→ Work order
The listing below should be printed exactly, though its pictures must not be.

→ Material provided
================
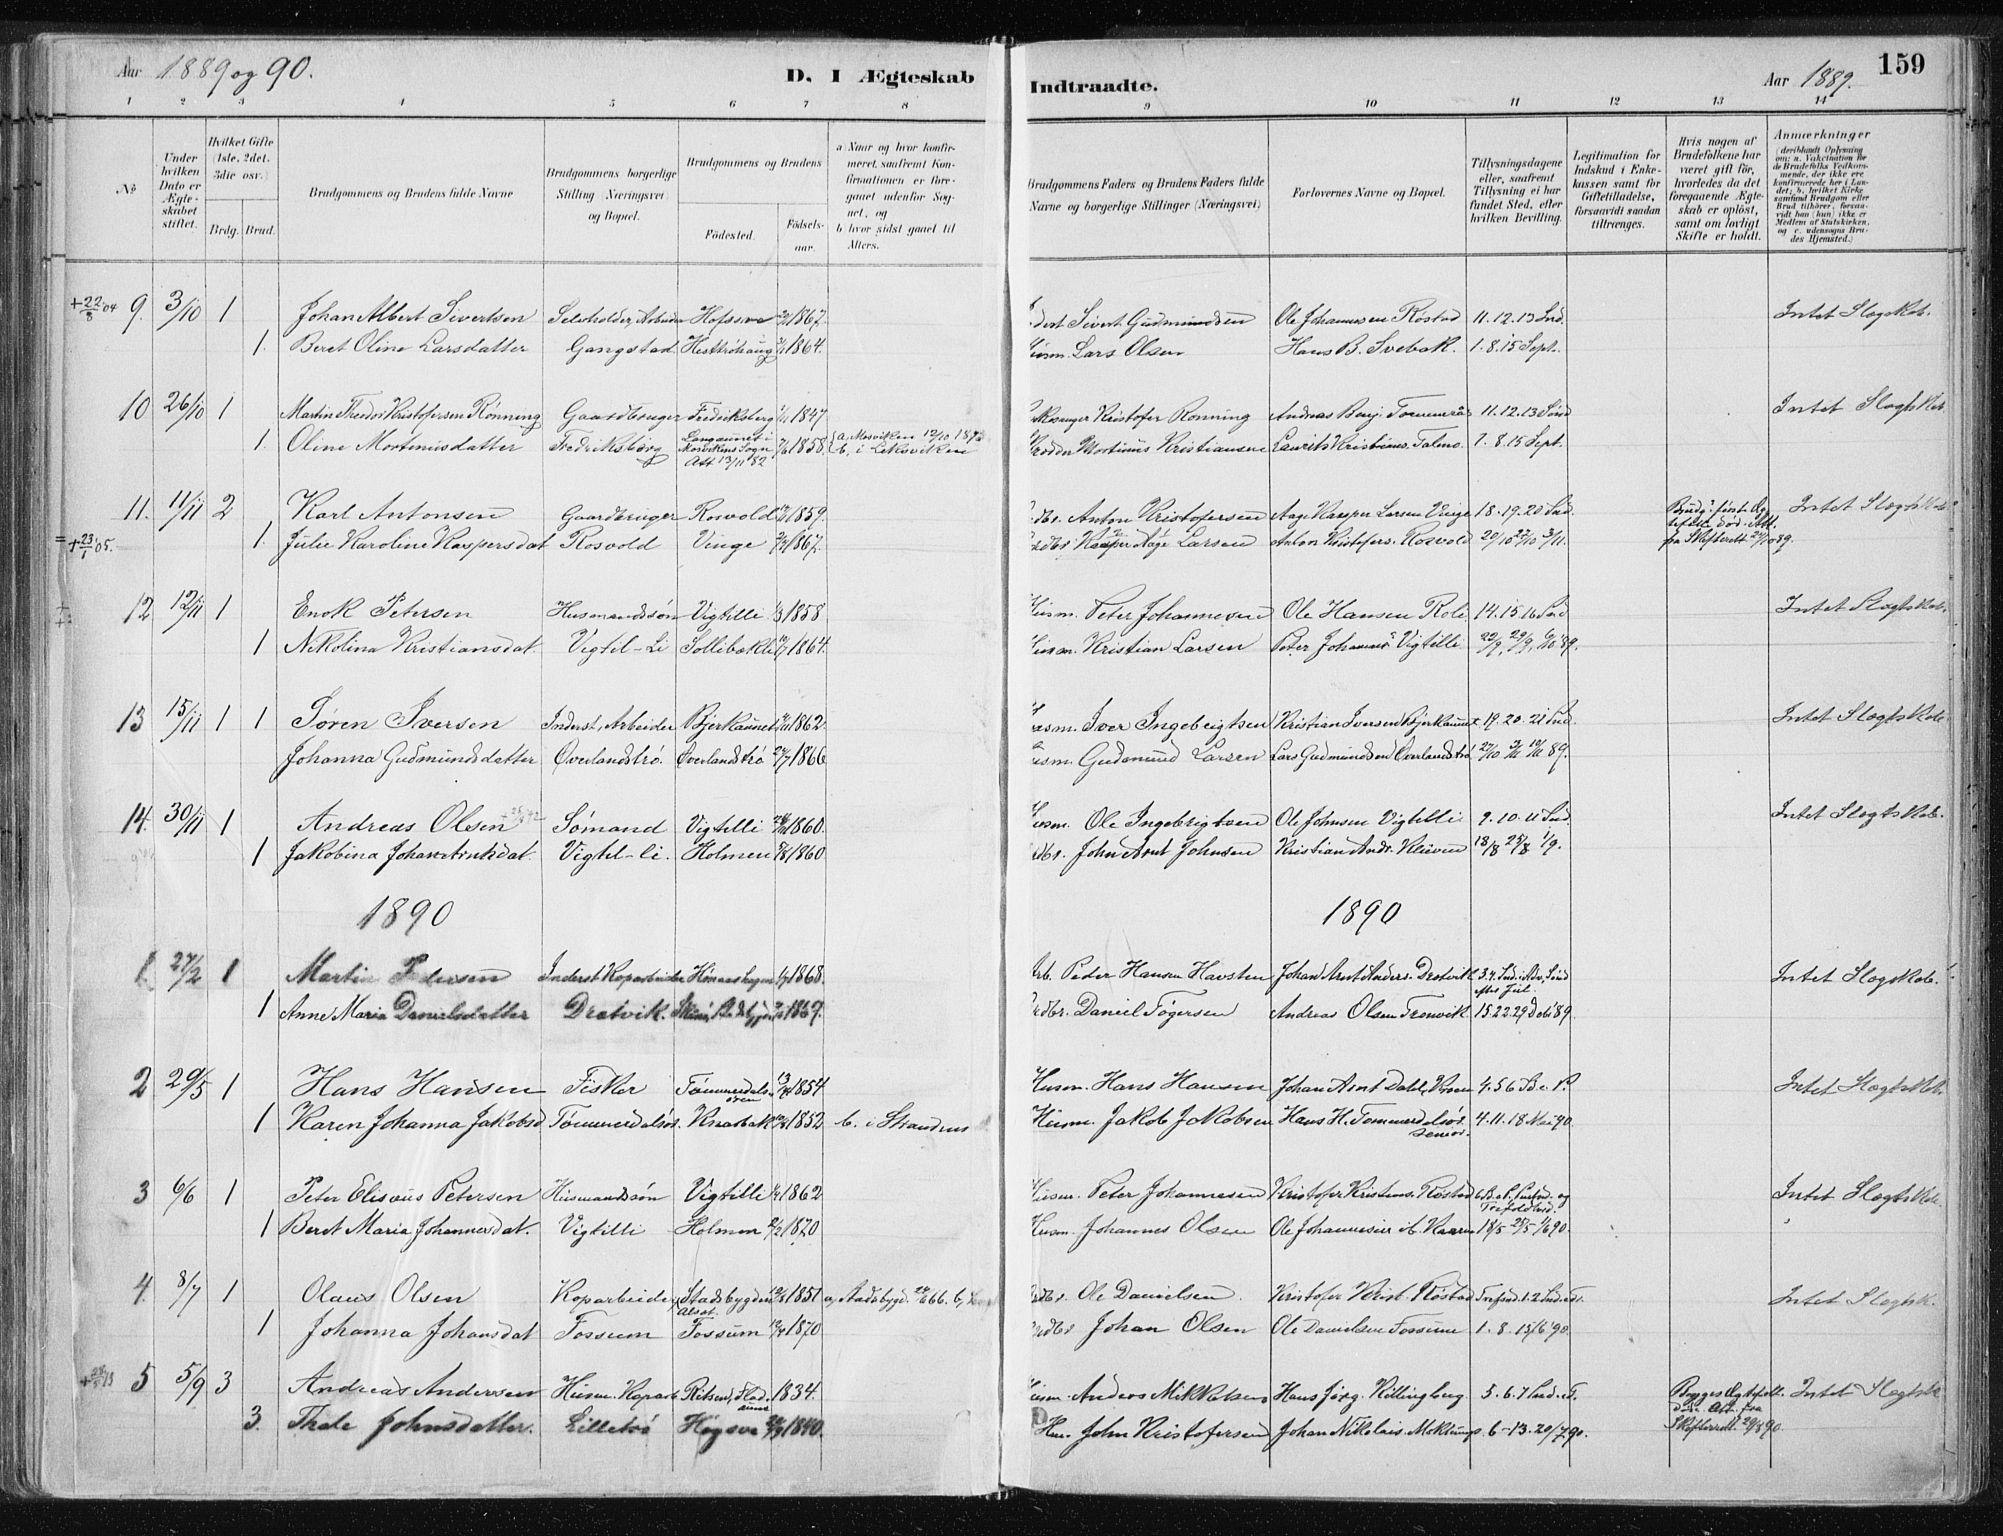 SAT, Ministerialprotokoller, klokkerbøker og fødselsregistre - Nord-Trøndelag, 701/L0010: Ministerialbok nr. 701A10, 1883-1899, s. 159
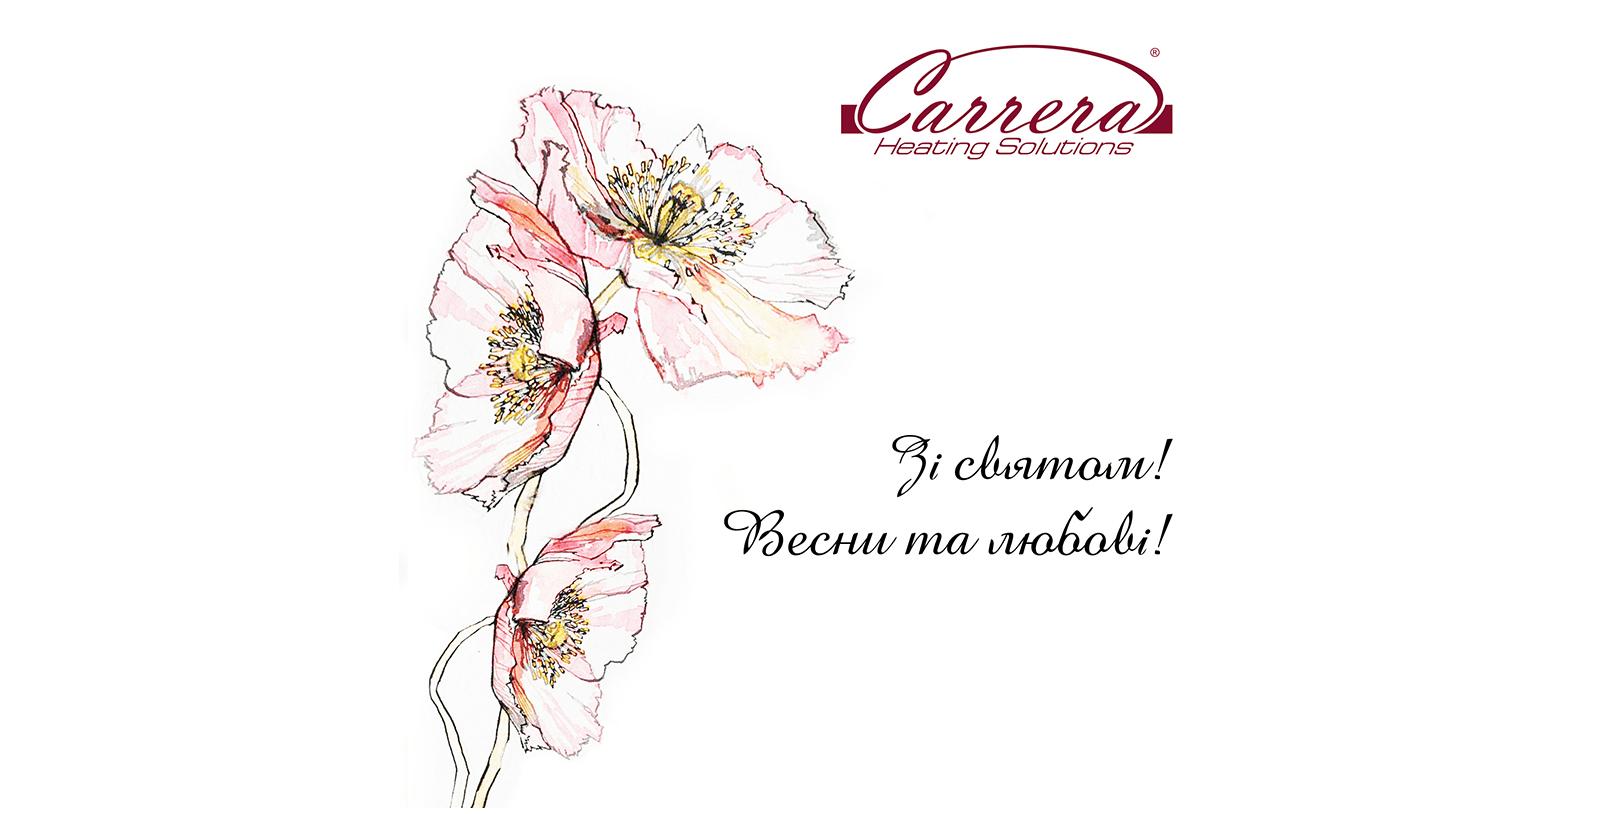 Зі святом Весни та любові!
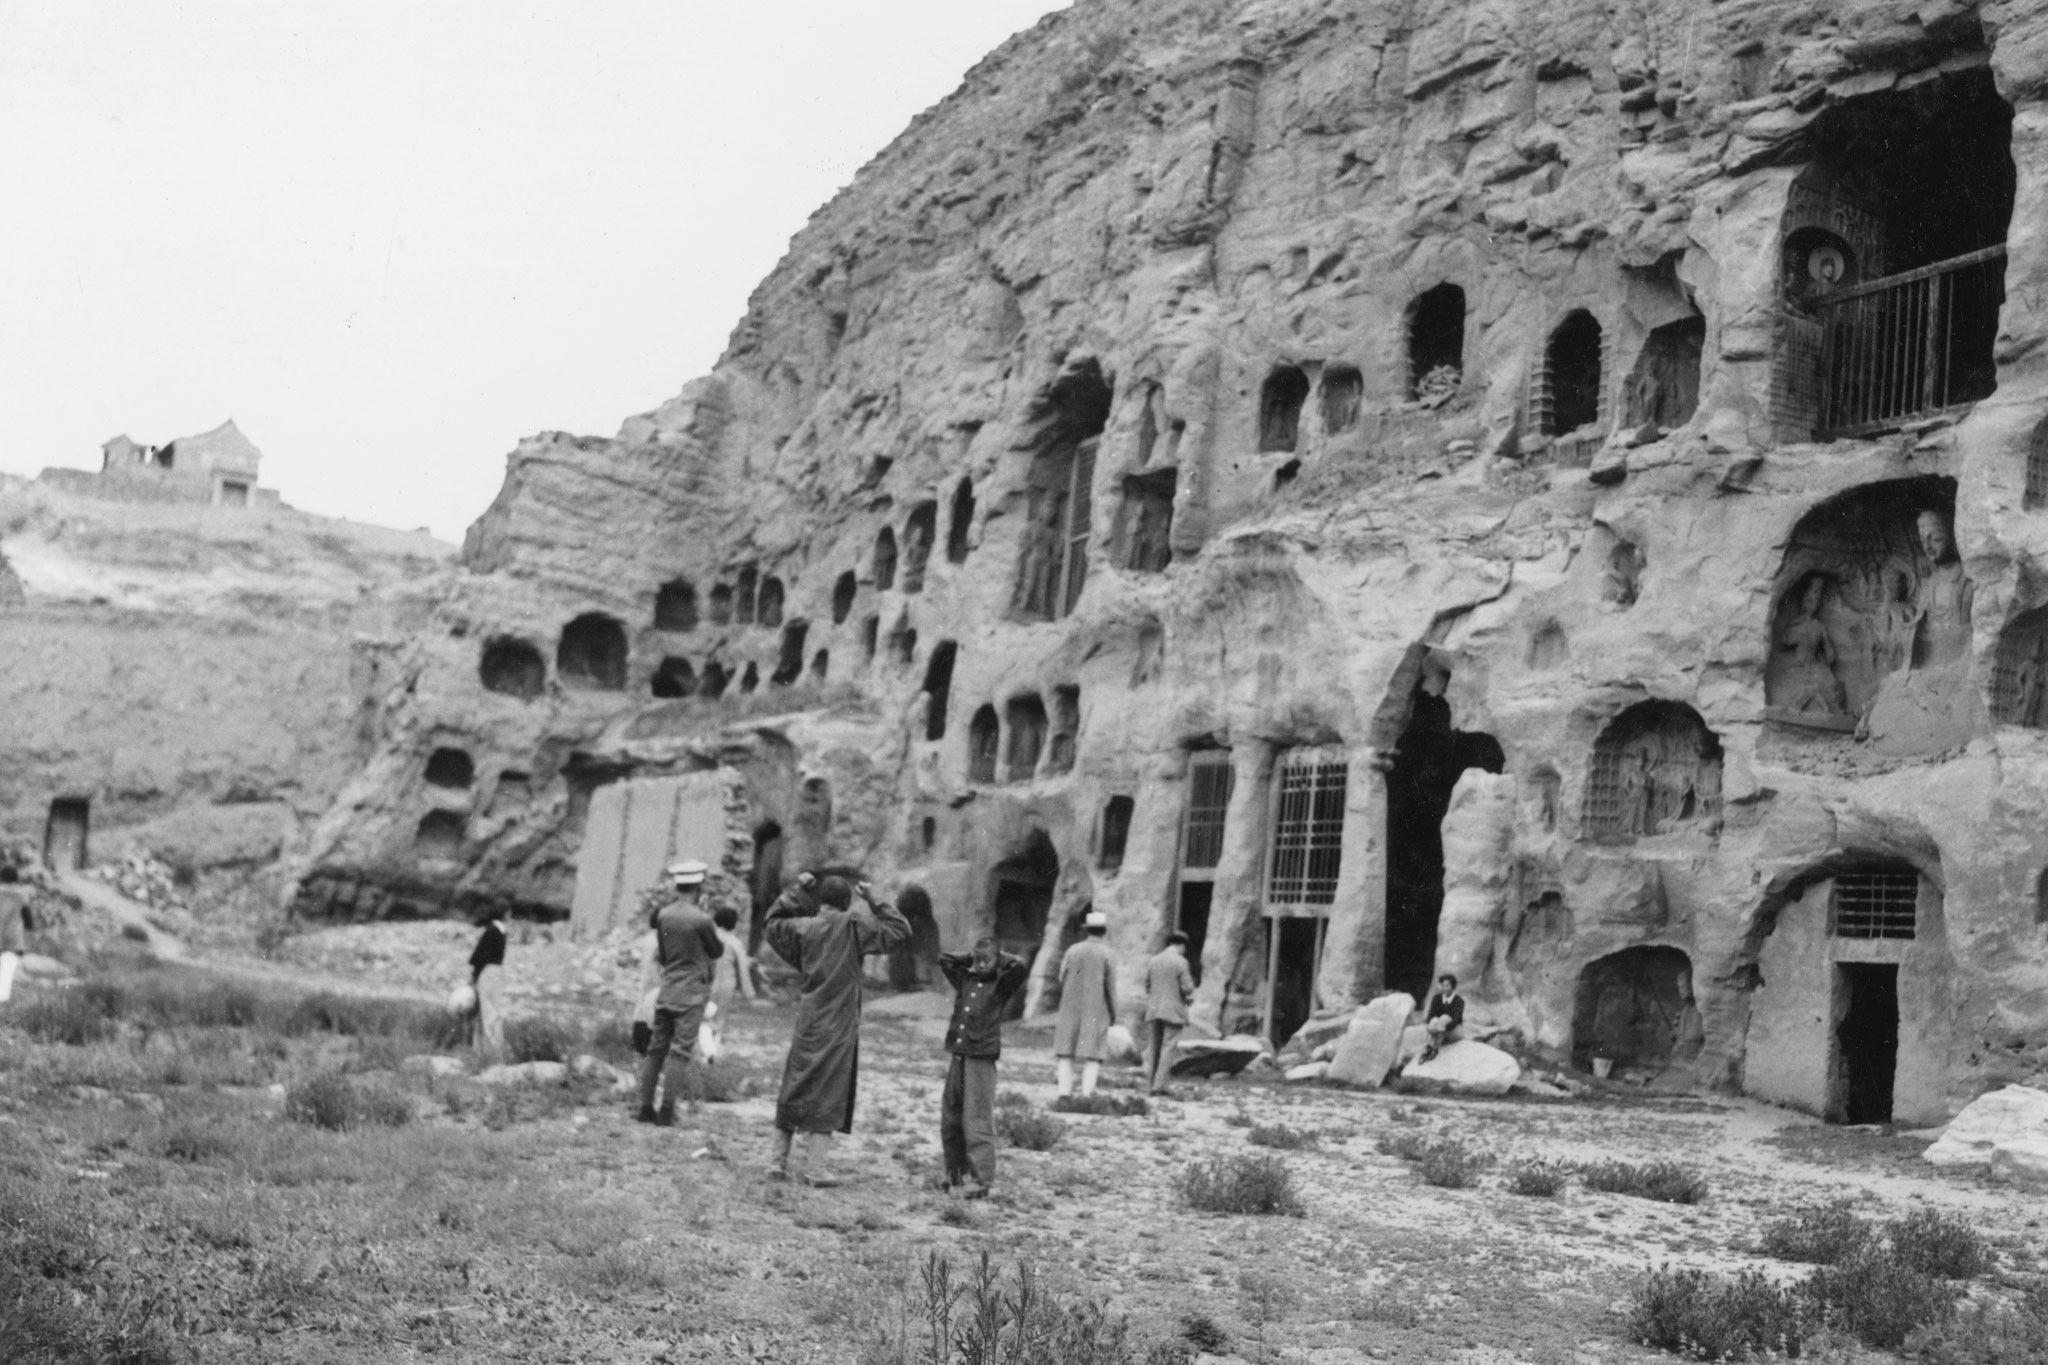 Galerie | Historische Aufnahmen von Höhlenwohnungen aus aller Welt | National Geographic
================
→ Exercise response
 SAT, Ministerialprotokoller, klokkerbøker og fødselsregistre - Nord-Trøndelag, 701/L0010: Ministerialbok nr. 701A10, 1883-1899, s. 159
 Зі святом Весни та любові!
 Galerie | Historische Aufnahmen von Höhlenwohnungen aus aller Welt | National Geographic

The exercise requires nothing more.